Добавить в цитаты Настройки чтения

Страница 13 из 29

Палата номер 18. Комната Люка. Он лежал, привязанный ремнями к кровати, приподнятой под углом тридцать градусов. Все тело опутано прозрачными трубками. Один зонд вставлен в ноздри, другой проходит через рот и соединяется с черными мехами, которые поднимаются и опускаются, издавая звук, похожий на хлопок. К шее подсоединена капельница, трубка от другой капельницы тянулась к внутренней стороне локтевого сгиба. Датчик на одном из пальцев светился рубиновым светом. Справа по черному экрану бежали зеленые волнообразные линии. Над кроватью — прозрачные пакеты с растворами.

Я подошел ближе. Кажется, с людьми, находящимися в коме, надо разговаривать. Я даже открыл рот, но в голову ничего не приходило. Оставалось только молиться. Я преклонил колени, перекрестился, закрыл глаза и прошептал, склонив голову: «К Тебе взываю, к Отцу, Сыну и Святому Духу…»

Но так и не смог собраться. Мое место не здесь. Я должен быть на улицах в поисках истины. Тогда я поднялся с колен, уверенный в том, что смогу его разбудить. Я могу его спасти, но только если найду причину его поступка. Мой собственный свет вернет его из Чистилища!
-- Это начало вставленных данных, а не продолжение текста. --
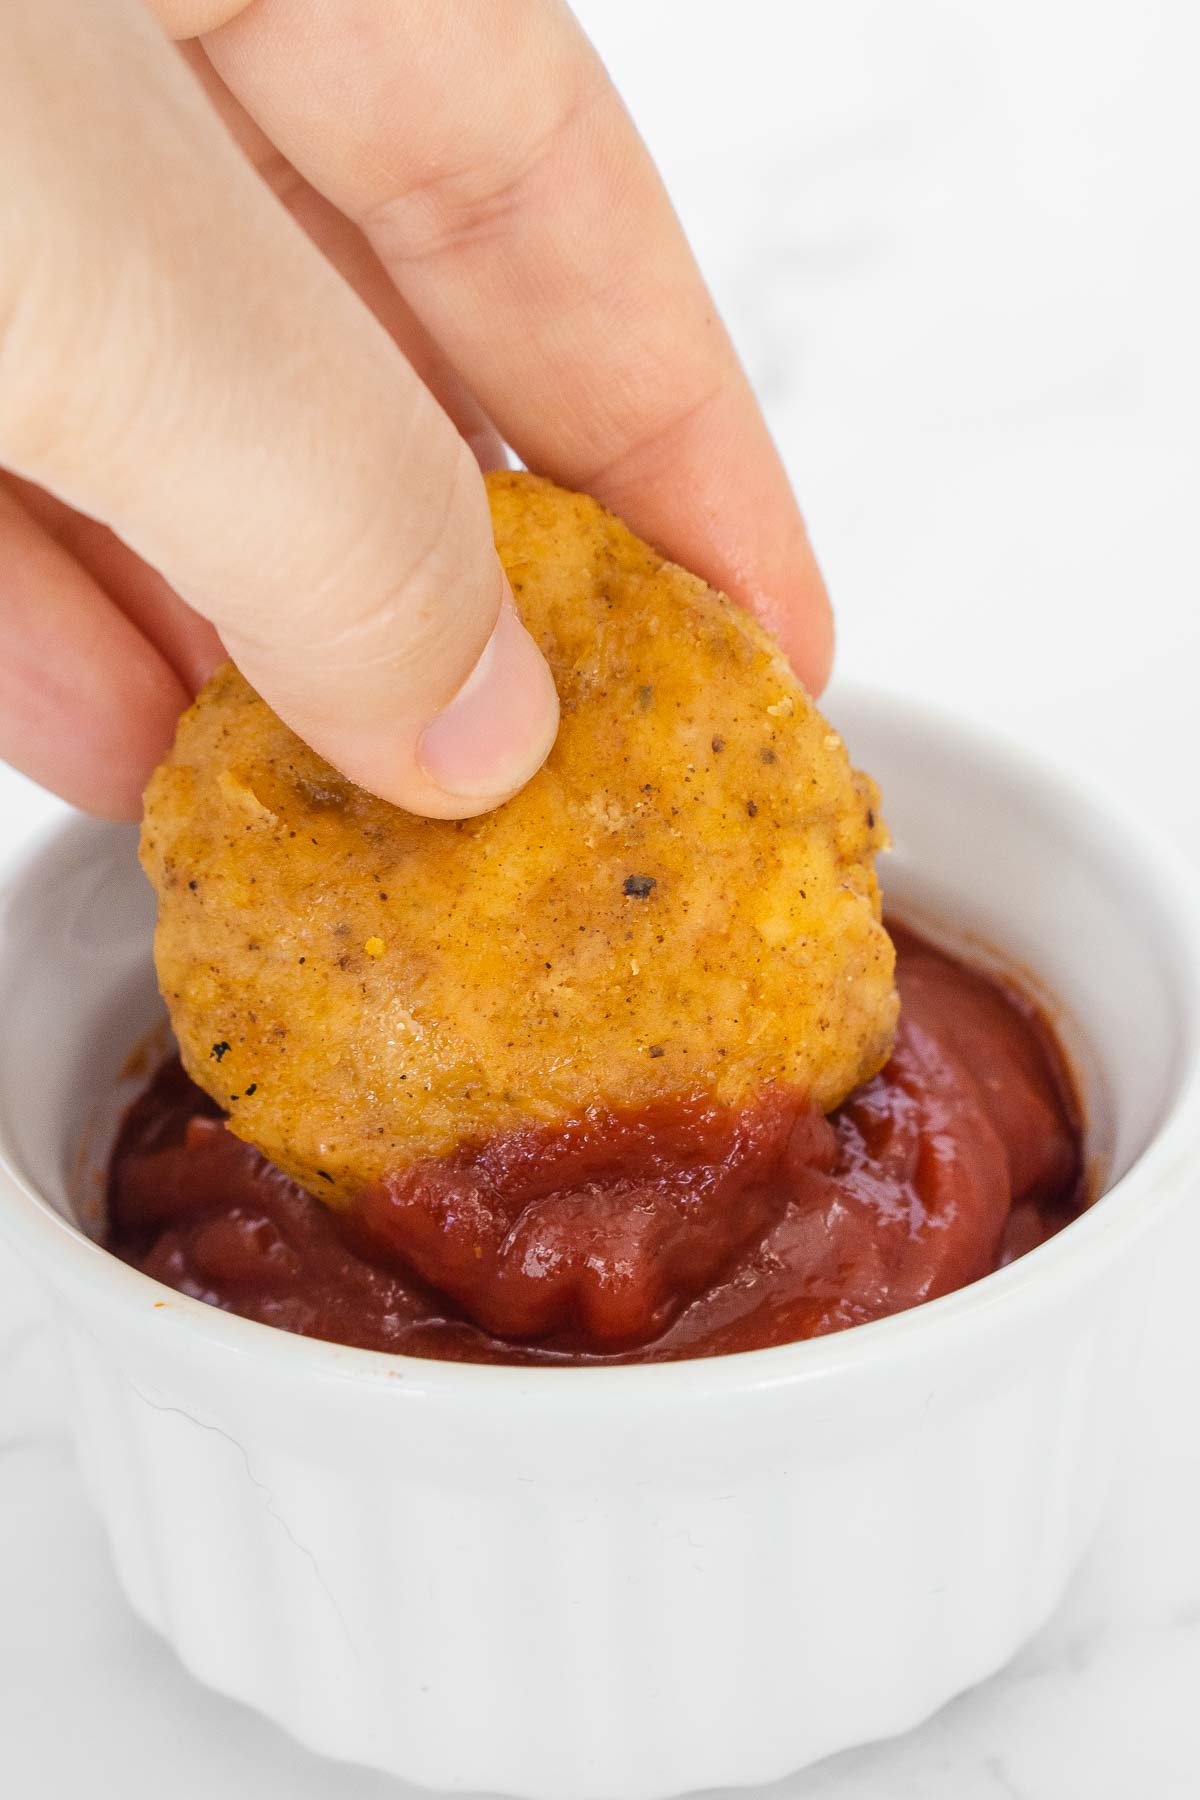 Hand dipping sweet potato chicken nugget in ketchup.

В приемном отделении я обратился к секретарю и попросил позвать доктора Эрика Тюилье — невропатолога, с которым накануне мне посоветовал поговорить анестезиолог. Мне пришлось подождать, и через несколько минут появился врач. На вид лет сорока, но похож на прилежного студента, оксфордская рубашка, свитер под горло, вельветовые брюки, слишком короткие и мятые. Взъерошенные волосы придавали его облику небрежность, которую компенсировали очки в тонкой оправе.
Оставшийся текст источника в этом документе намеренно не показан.